Testing strategy
Unit tests
As you've probably noticed, there aren't many. Lots of the interesting behavior in A/B Street - UI interactions, details of the simulation, map importing -- would take lots of infrastructure to specify a setup and expected outcomes. If you have ideas for new tests, contributions always welcome! In the meantime, one useful test covers how OSM tags translate into individual lanes.
Screenshot diffs
Downloading fresh OSM data or modifying any part of the map importing pipeline could easily break things. Expressing invariants about the map output is hard, because importing is far from perfect, and OSM data is often quite buggy. So the approach to preventing regressions here is to look for visual changes to the final rendered map.
- When a new map is opted into this type of test, somebody manually squints carefully at it and sanity checks that it works to some degree.
- They use the screen capture tool in debug mode to tile the map into 1920x960 chunks and screengrab everything.
- Later, somebody regenerates the map with some possible changes.
- They grab screenshots again, then use
compare_screenshots.sh
to quickly look at the visual diff. Changes to intersection geometry, number of lanes, rendering, etc are all easy to spot. - If this manual inspection of the diff is good, they commit the new screenshots as the new goldenfiles.
How do you actually run this test?
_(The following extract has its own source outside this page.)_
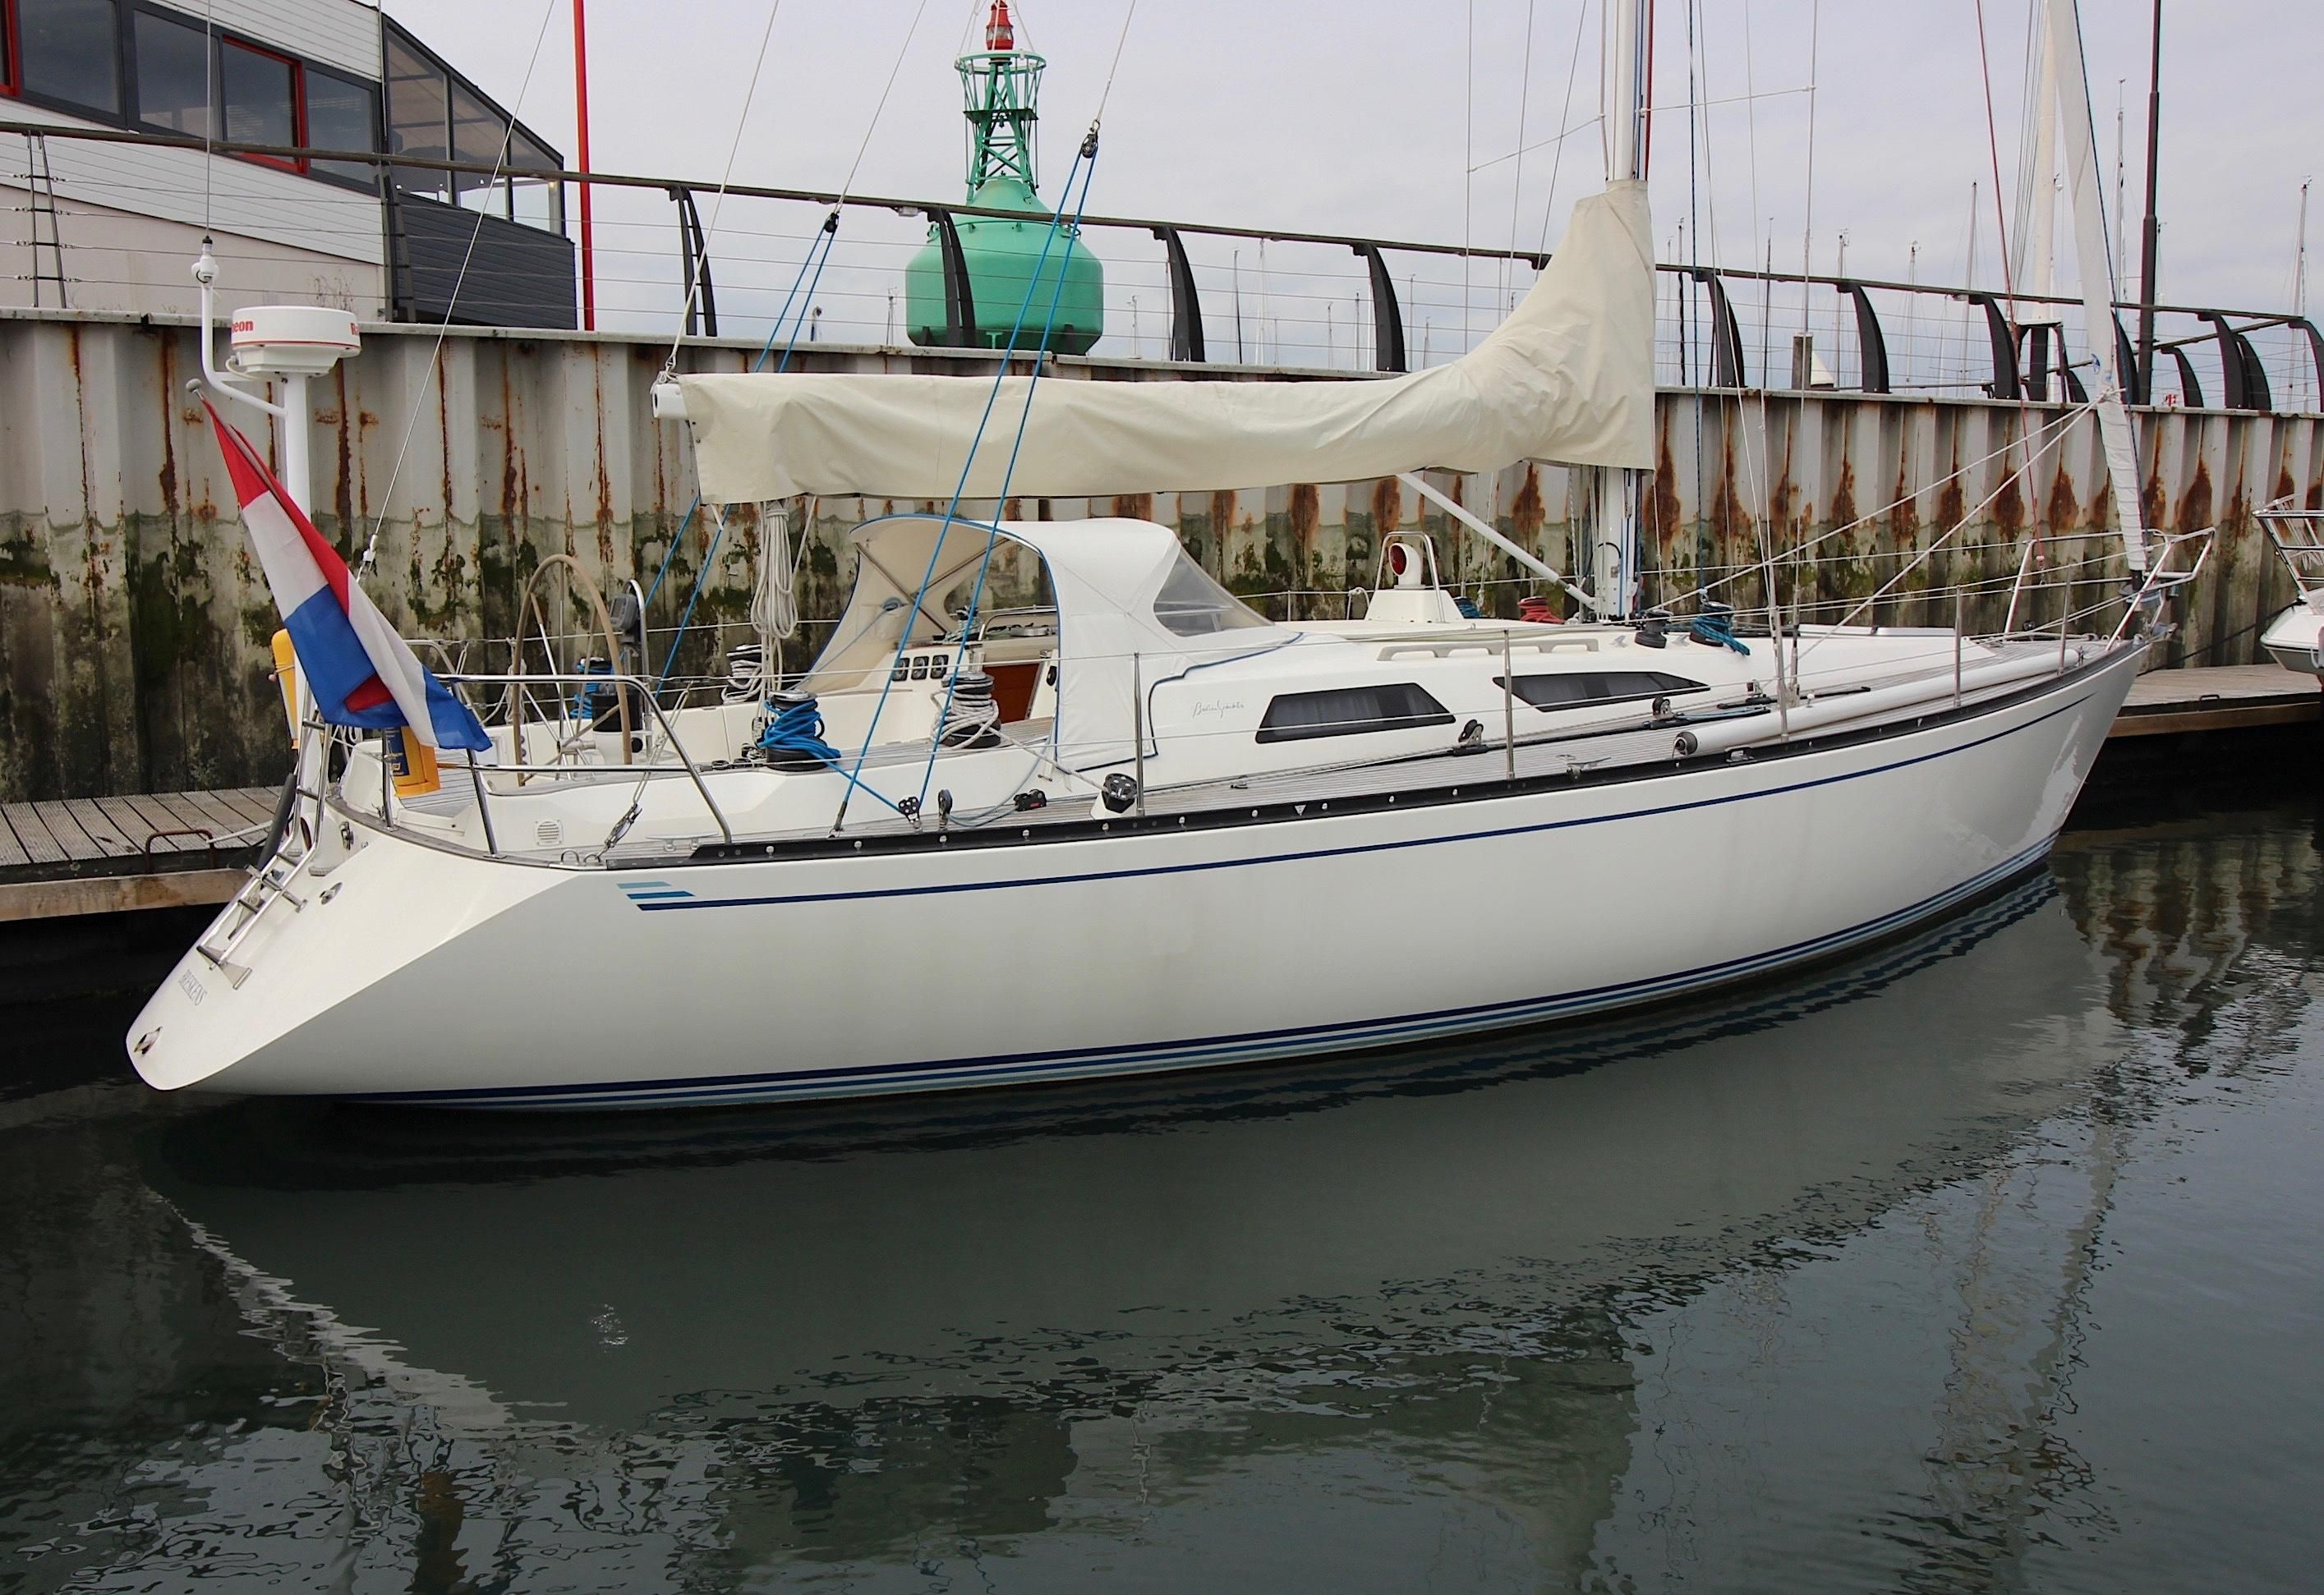 1993 Baltic 40 Purjevene Vene Myytävänä - www.yachtworld.fi

Open the main sandbox mode (on a release
build, unless you're very patient), go to debug mode (Ctrl+D), then hit
"screenshot all of the everything" on the right. This will fly through a few
maps, tiling them into screen-sized chunks and saving a screenshot for each one.
The maps configured for this test are in game/src/debug/mod.rs
, near the
string "screenshot all of the everything"
.
This process produces a screenshots/
directory. You can then use
./compare_screencaps.sh us phoenix tempe
to see if that map's screenshots have
changed since the last recorded run of the test. This script assumes you've
opted into the input data and run the
updater for the appropriate cities. It also assumes the compare
command (from
ImageMagick) and feh
(to view images; you could change the script to something
else). Very critically, all the stored screenshots are sized 1920 x 948
(from
a 1920 x 1080
monitor, subtracting titlebars and such for my GNOME setup). The
diffs won't make sense if the size is different!
After confirming any diffs are intentional, the ./confirm_screencap.sh
script
replaces the new source-of-truth in
data/input/us/phoenix/screenshots/tempe.zip
or similar. The updater
tool is
then used to upload the new data to S3 -- this is a step that currently only
Dustin has access to run.
data/regen.sh
This tool regenerates all maps and scenarios from scratch.
cargo run --bin updater -- dry-run
then reveals what files have changed.
Additionally, this script does a few more tests:
--prebake
runs the full weekday scenario on two maps that've previously been coerced into being gridlock-free
Integration tests
The tests
crate contains some integration tests.
One part runs the full importer against really simple .osm
files. To iterate
rapidly on interpreting turn restrictions, it produces goldenfiles describing
all turns in the tiny map.
The "smoke-test" section simulates one hour on all maps, flushing out bugs with bus spawning, agents hitting odd parts of the map, etc
The "check proposals" section makes sure the edits shipped with the game still load properly.
Old tests
Once upon a time, I made a little test harness that would run the simulation
headlessly (without graphics), set up certain situations forcing a car to park
in a certain spot, and asserted that different sim/src/events.rs
were produced
in the right order. The map_editor
tool was used to manually draw really
simple maps for these situations. I deleted everything, because the effort to
specify the input and expected output were too tedious to maintain, and this
never really helped catch bugs. There was a way to label roads and buildings in
the synthetic maps, so the test code could assert person 2 made it to the
"house" building, but even with all of this, it was pretty hard.
This approach is maybe worth reviving, though.